808 nm excited energy migration upconversion nanoparticles driven by a Nd3+–Trinity system with color-tunability and superior luminescence properties

Abstract

We have developed energy migration upconversion (EMU) nanoparticles (UCNPs) with optimal Nd³⁺-sensitization under excitation of an 808 nm laser to avoid over-heating effects caused by a 980 nm laser while maximizing the excitation efficiency. To realize efficient 808 nm sensitization, a “Nd³⁺–Trinity system” was implemented in the energy migration upconversion (EMU) cores (NaGdF₄:Yb,Tm@NaGdF₄:Yb,X, X = Eu/Tb), resulting in a core–multishell structure of EMU cores (accumulation layer@activation layer)@transition layer@harvest layer@activation layer. The spatially separated dopants and optimized Yb³⁺/Nd³⁺ content effectively prevented severe quenching events in the UCNPs and their Nd³⁺-sensitized EMU-based photoluminescence mechanism was studied under 808 nm excitation.
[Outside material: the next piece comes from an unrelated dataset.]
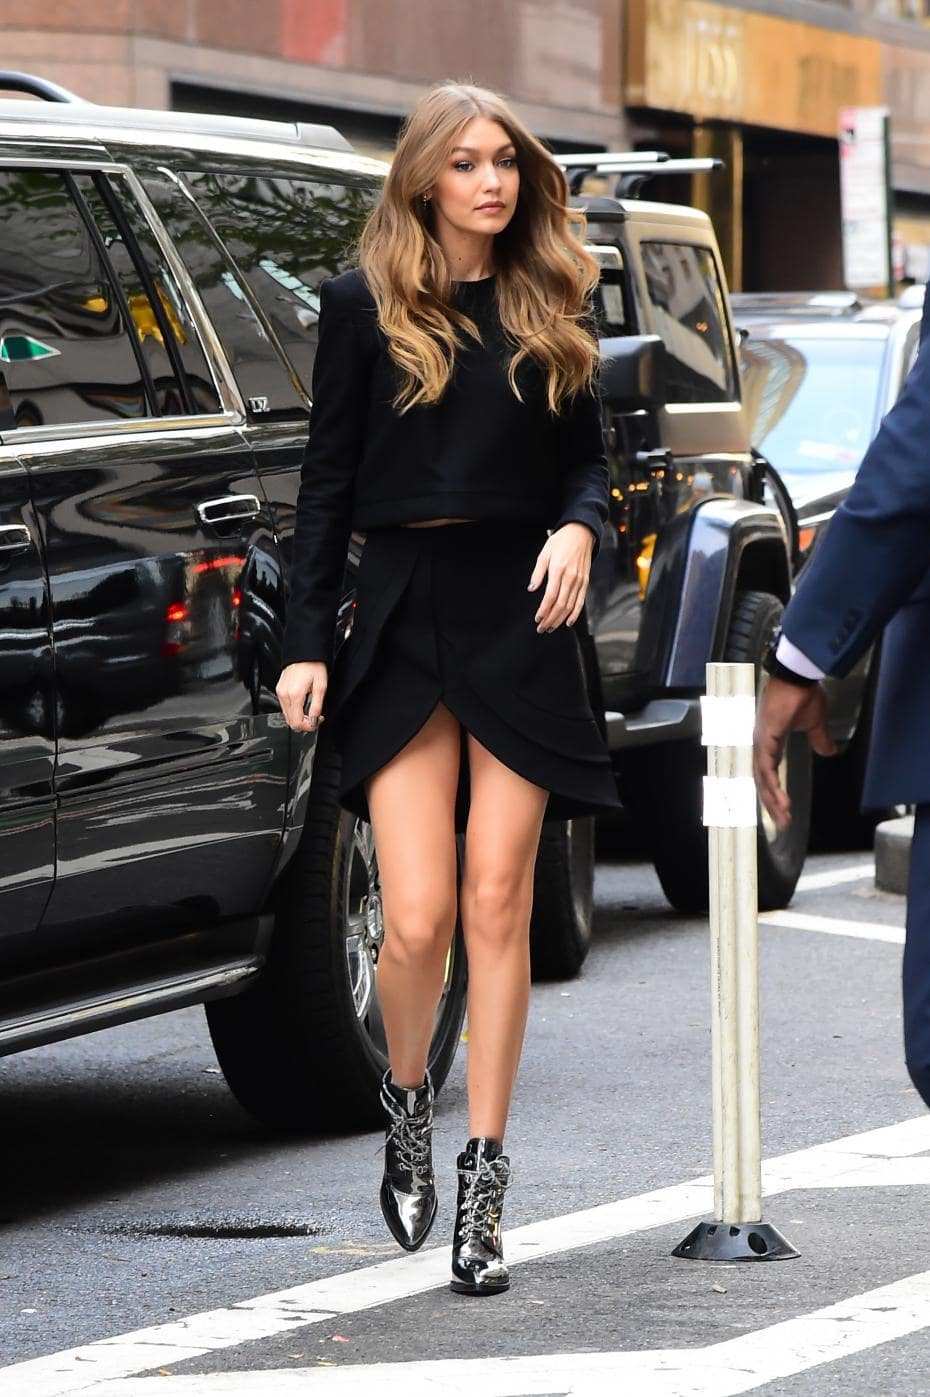 gigi-hadid-top-model-fashion-eleonora-de-gray-runway-magazine TOP MODELS

These Nd³⁺–Trinity EMU system UCNPs presented enhanced upconversion luminescence and prolonged lifetime compared to the 980 nm excited UCNPs of the EMU system. It is proposed that 975 nm and 1056 nm NIR photons induced from the Nd³⁺ → Yb³⁺ energy transfer facilitate the Tm³⁺ accumulation process due to the matched energy gaps, which contributes to the extended lifetimes. More importantly, the synthesized UCNPs had a small average size of sub-15 nm and they not only exhibited color-tunability via Eu³⁺/Tb³⁺ activators, but also released a larger portion of Tm³⁺ red emission at 647 nm and had better penetration ability in water under 808 nm excitation, which are favorable for bioimaging applications.